Терра
Шрифт:
Я покачивался на табуретке, напряженно на него посматривая.
– Что тебе прикольненько, Боря? Поколение твое – зажравшиеся мудаки. Людовики, блядь, Пятнадцатые, Тиберии, мать вашу.
Во прикол. А как же деграднуть хорошенько у себя там, в подземелье?
– Ну и? – спросил я. – Я натурально прям не понял, что в этом такого? У тебя, папаш, великое сердце, но ты пропился.
Он стукнул кулаком по столу, так что стаканы подпрыгнули, по-девичьи жалобно звякнули. Я замолчал, конечно.
– Я твою душу спасти хочу. Ты не понимаешь. Умирать все равно придется. От смерти нечего бегать.
Он знал мою страшную тайну, что жить я хочу хорошо, не как он.
– Пап, – сказал я, наливая ему водки. – Ты в коммунизм верил?
Он усмехнулся.
– Да кто им, паскудам, верил?
– А почему все ругаешься, что коммунистов выгнали?
Он задумался.
– Мне нравится, – сказал он, – жить в большой стране. В империи. Моя маленькая жизнь, маленькая работа, она тогда значительнее, яснее. Крысы, Борь, живут колониями, мы социальные существа. Сама Матенька завещала нам держаться рядом.
– А мы друг друга кусаем.
– Так кто теперь Матенькину волю-то помнит?
Я затушил сигарету, во рту было горько, больно в голове, и я смотрел в окно, на бесконечную полярную ночь – всюду темень, словно навсегда.
– Ну и вот, – сказал я. – И вот. Ты, значит, себе придумал, что ты коммунист.
Он отреагировал неожиданно спокойно, едва заметно кивнул, позволяя мне продолжить.
– Так и все остальное придумал. Не важно тебе, за что умирать. Тут первично, что ты умереть хочешь, а не большая там, великая цель.
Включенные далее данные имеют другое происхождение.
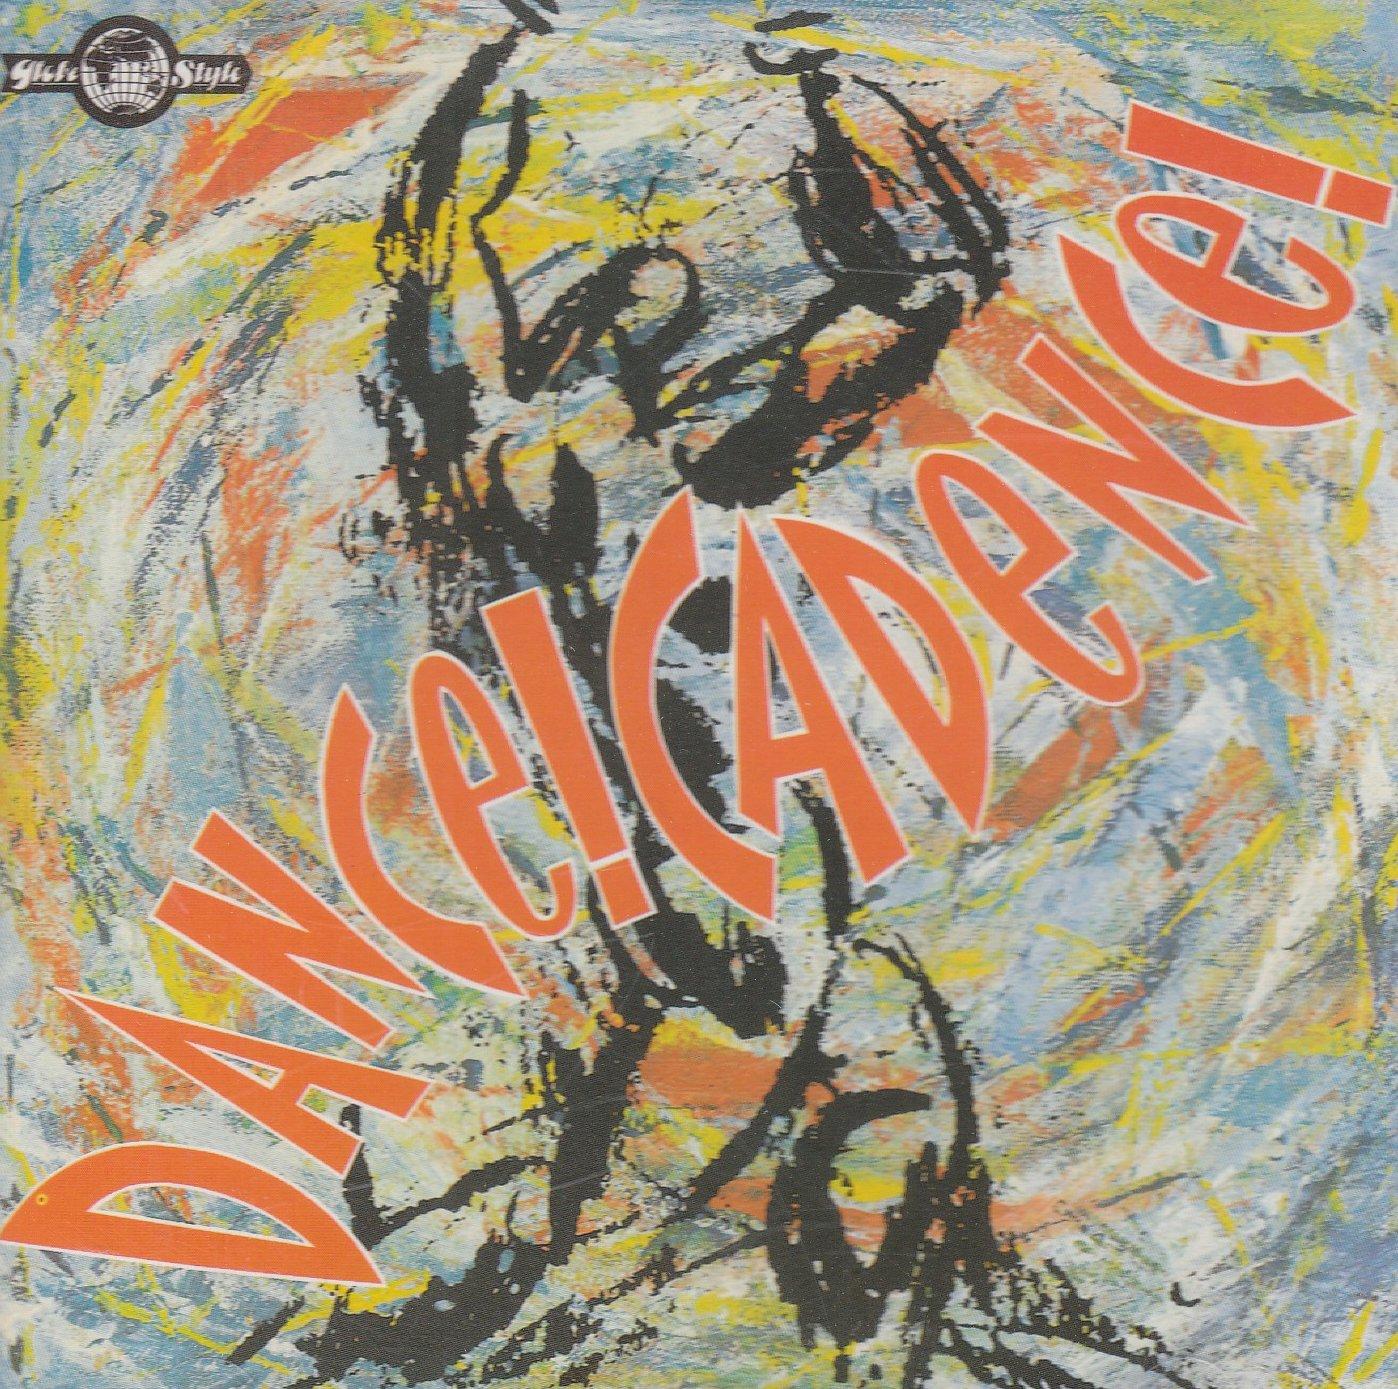 Dance Cadence

– Чего, не веришь никому и ничему?
– Не-а.
– Я тоже. Но меня это хотя бы парило.
– Я вдруг подумал, па, что жизнь – это баблосы. И вокруг тебя полно банков, куда их можно вложить. Вот, не знаю, баба Света с бабой Томой, они выбрали ГЭС, всю жизнь ей отдали, ты канализации строишь и землю очищаешь, кто-то молитвы читает, кто-то пишет стихи. Все куда-то вкладывают. А я не хочу вкладывать, я же знаю, что это не окупится, не в этой жизни. Я хочу тратить. Ты понял меня, па? Что я тебе сказать хочу, ты понял?
Отец захохотал, закашлялся, снова сплюнул мокроту – плевок весь был в тоненьких, прорастающих в вязкой слюне кровяных прожилках. Красиво.
– Мозговитый ты у меня. Думаешь, всех наебали, а тебя нет?
Он схватил меня за подбородок, больно, до хруста, сжал, я чувствовал его большие пальцы на своих деснах, будто он собирался выдавить мне зубы. Но я смотрел на него, только и всего. И ничего-то страшного в тебе нет.
Это я маленький был, боялся, а сейчас – обычное дело. Отец задумчиво посмотрел на меня.
– Смелый ты стал. Взрослеешь. А я не вижу.
Еще некоторое время мы курили и молчали, потом отец
– Мы с тобой поедем в Лос-Анджелес. Так что со всем прощайся.
Я так и замер с незажженной сигаретой в руке. Вот ничего я абсурднее не слышал, слово «Лос-Анджелес» прозвучало в Снежногорске, как заклинание на шумерском языке. Какой Лос-Анджелес? Я в такую вьюгу даже не был уверен, что он существует.
Отец смотрел на меня, глаза у него были холодные, бесцветные. Он был серьезен.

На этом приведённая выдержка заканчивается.